The fire began to constrict. The scarlet flames condensed into a sparkling garnet, packing all Syn’s wrath inward to fry the fisherman alive.
Thunder tolled again and with it the clouds tore open and rain fell so thick that the sea and sky were indistinguishable. The torrential downpour glanced off the sphere of Syn’s carmine fire like brittle teeth off a turtle shell.
A green blur with white wings flew down with the water from the stars above, sheathed in a cocoon of driving rain as a meteorite is wreathed in fire. The Oldest Fish in the Sea blasted through the dragon’s diamond armor, the red sphere shattered like a crystal chandelier, but shards of a flame are quick to reunite.
In the brief instant before Syn coalesced, the Dangler spurred his flying steed out to clear skies.
The crystalline shrapnel of the dragon’s broken body evaporated from its condensed form to fill the sky with sheets of gaseous fire. The unholy hydra, raw flame and red light, was completely unharmed but mindlessly, vengefully enraged.
The Dangler dipped his waveglass steed’s reins, allowing the stingray to swoop low and skim over the tumultuous sea. With a side-armed throw the fisherman flung the Oldest Fish in the Sea’s limp body into the water.

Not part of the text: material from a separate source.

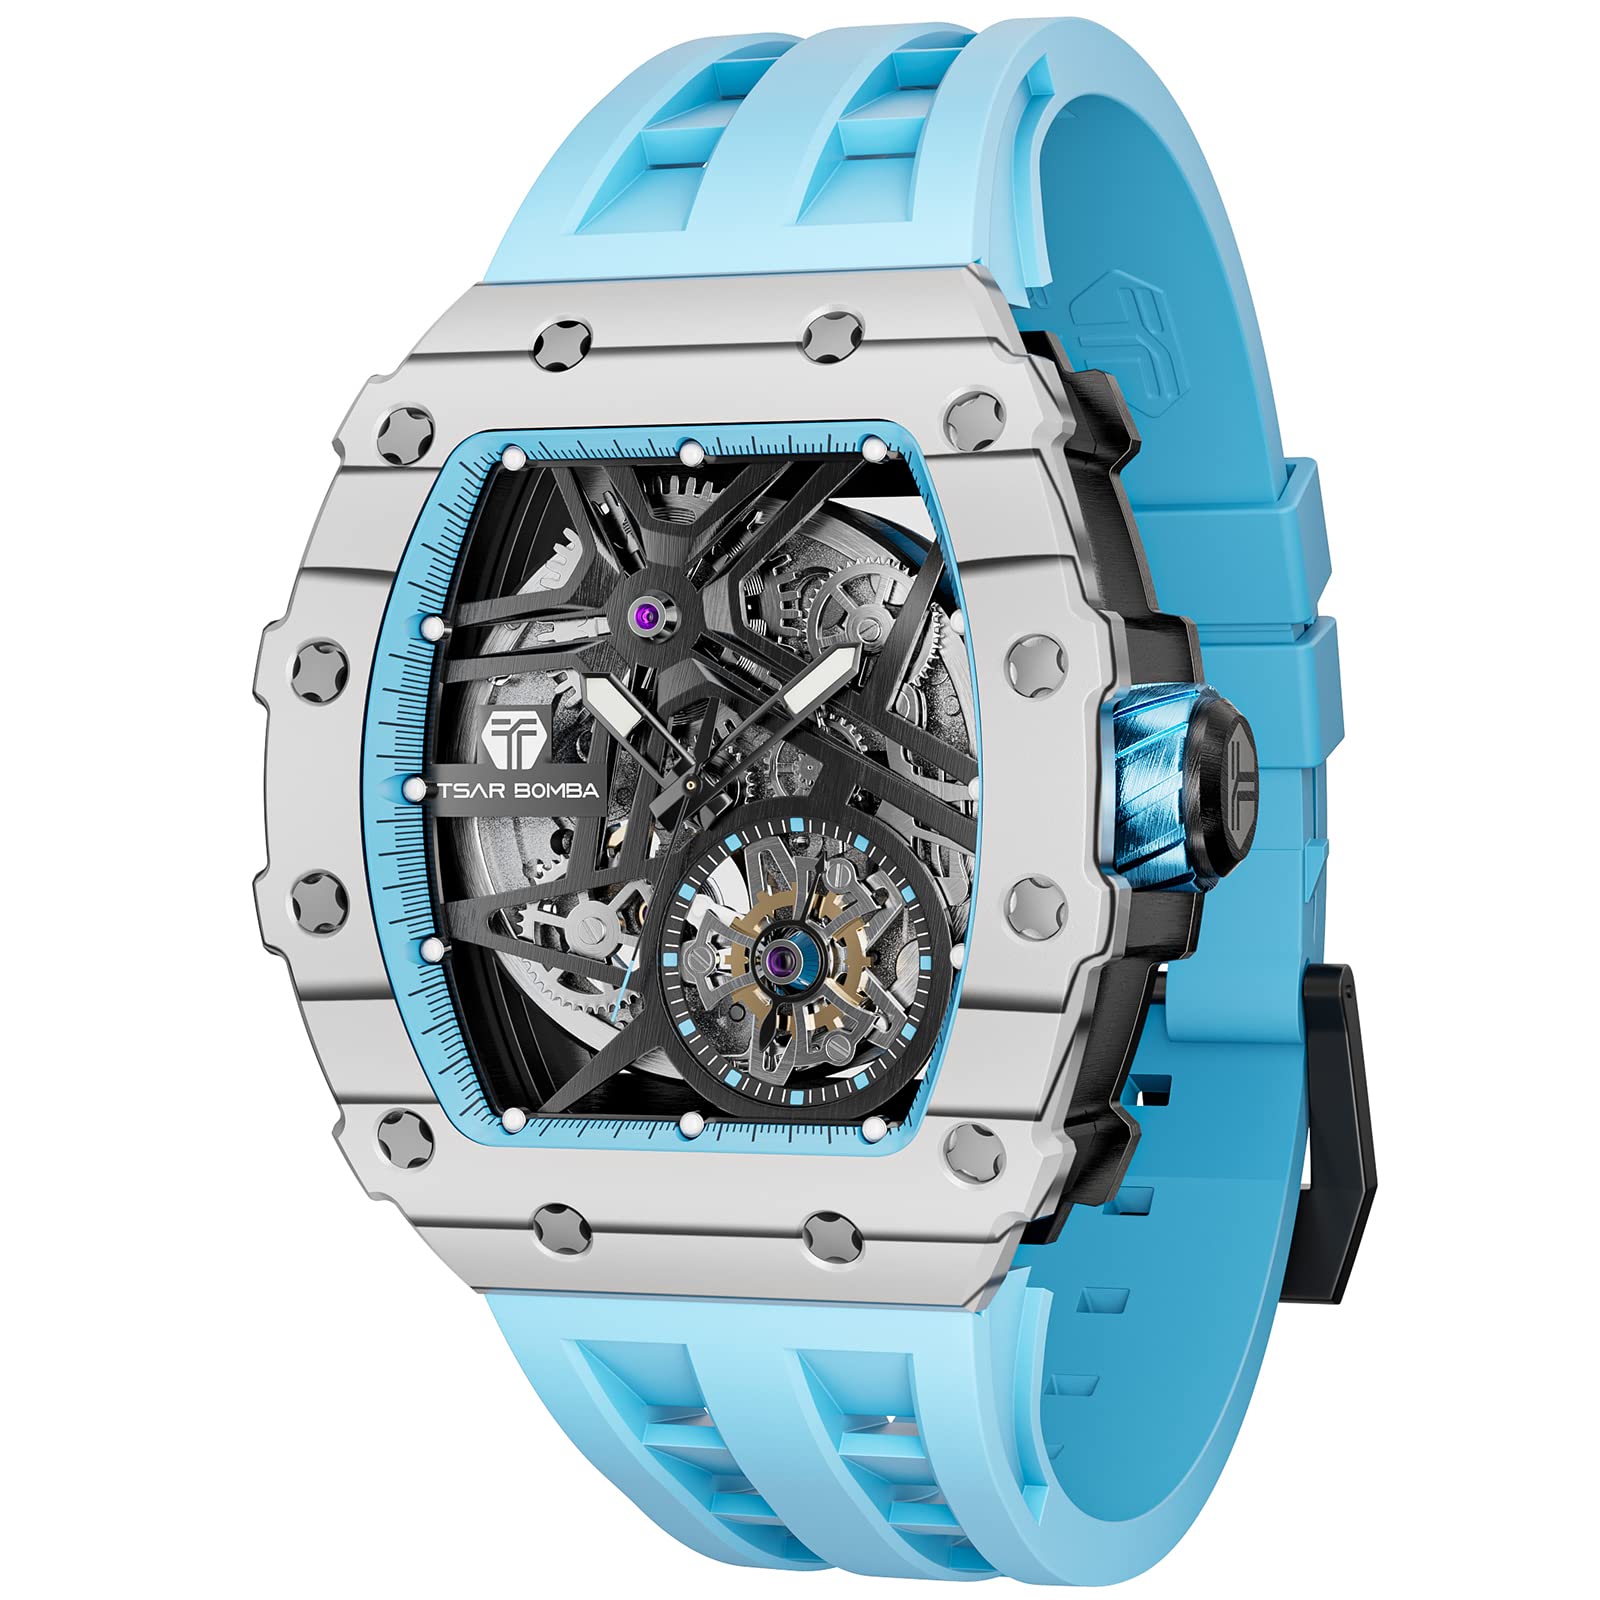 TSAR BOMBA Luxury Automatic Watches for Men - Carbon Fiber Bezel - Japanese Movement Sapphire Glass - 50M Waterproof Mens Wa

The river-guardian’s white wings had been burned away to a pair of smoking stumps—the Dangler had barely caught him in time. The not-quite-so-dead fish glanced along the surface of the water like a skipping stone, lifeless.

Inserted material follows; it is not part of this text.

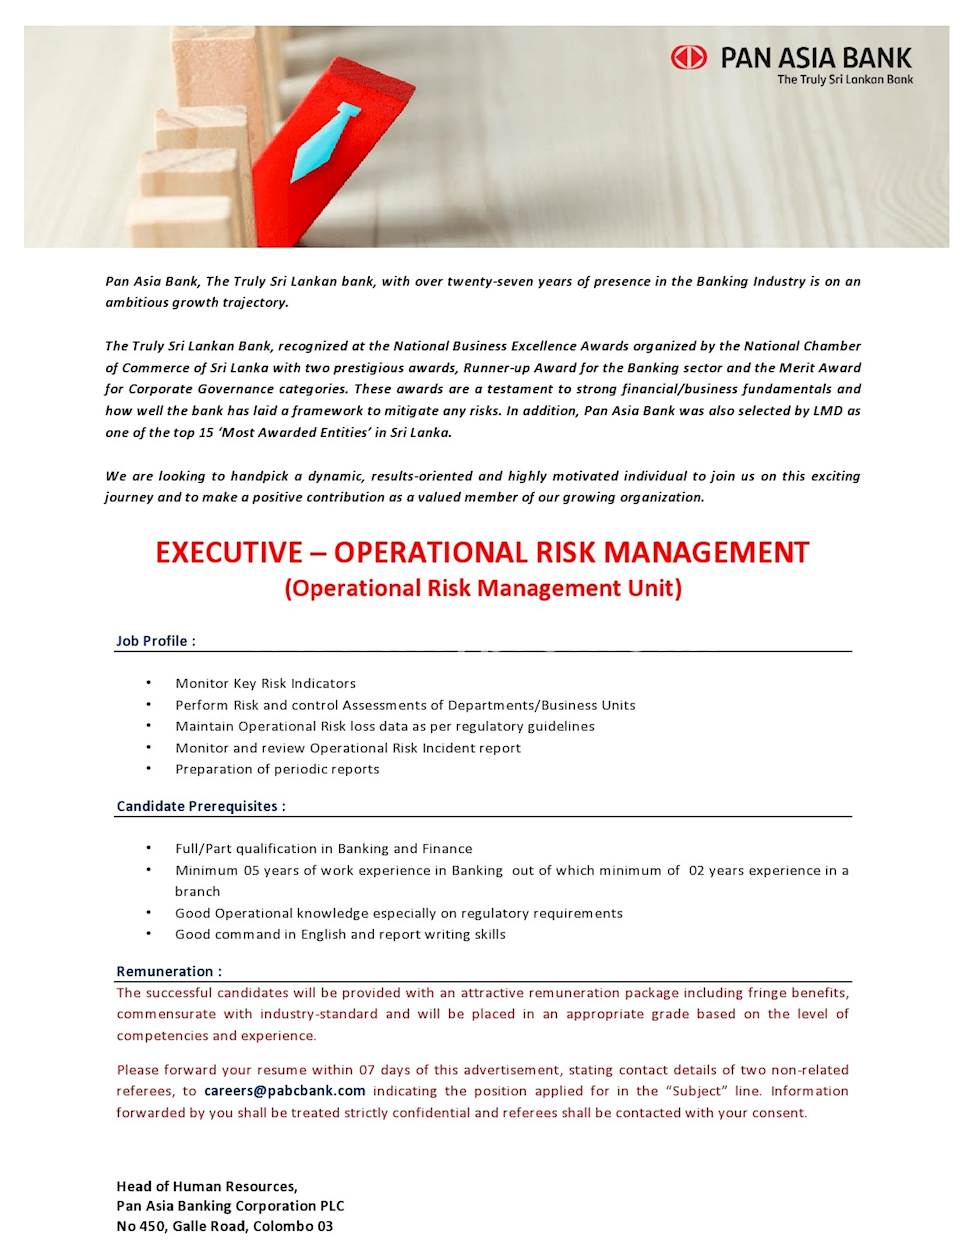 Executive - Operational Risk Management

Breezing low over the waves on his waveglass steed, the fisherman held his chin high as if he could feel his beloved’s fingertips brushing his face in the cold spray of the clashing sea, then he dipped the depleted ray down into the water, cutting through the crests of the storm-ridden surface. The leaking leviathan absorbed every drop of water it came in contact with, refilling the holes in its wings and replenishing what volume had bled away. Reanimated, the Dangler pulled his steed into a steep ascent, ready for another round with immortal Syn.
III. Three More
Astray nudged the fallen roc awake. Its massive body was far too big for the wheelbarrow. Its broad wings hung limply to either side, dipping into the sea. Singed feathers and drops of plum blood fell into the water. A ring of silent, shaggy fins closed in, drawn to the undefended flesh.
The cub pounced on the roc’s chest, forcing it to breathe. Its body shook in a wretched spasm. Astray bit the final petal off his necklace, stuck his head between the roc’s beak, and dropped the petal down its throat. He pulled his head back just before the deadly beak snapped shut. The bird of war gasped and jolted upright as if shocked awake in the middle of a gripping dream.
Balanced precariously on the front lip of the floating cart, Astray looked apprehensively at the circling fins in the water, then he turned up to the roc and roar
ed like a fully grown lion. The great bird pumped its wings, using the surge from the cub’s bellow to gain the height to fly, but the downward thrust it reciprocated as it lifted off drove the bed of the wheelbarrow underwater. The roc coasted away into the east. The iron cart sank.
Wool fish closed in from all quarters, drawn to the bright white cub like moths to the light. Sensing a rare beast and a fine feast, they bared their teeth—row after row as sharp as rusty knives—and swarmed.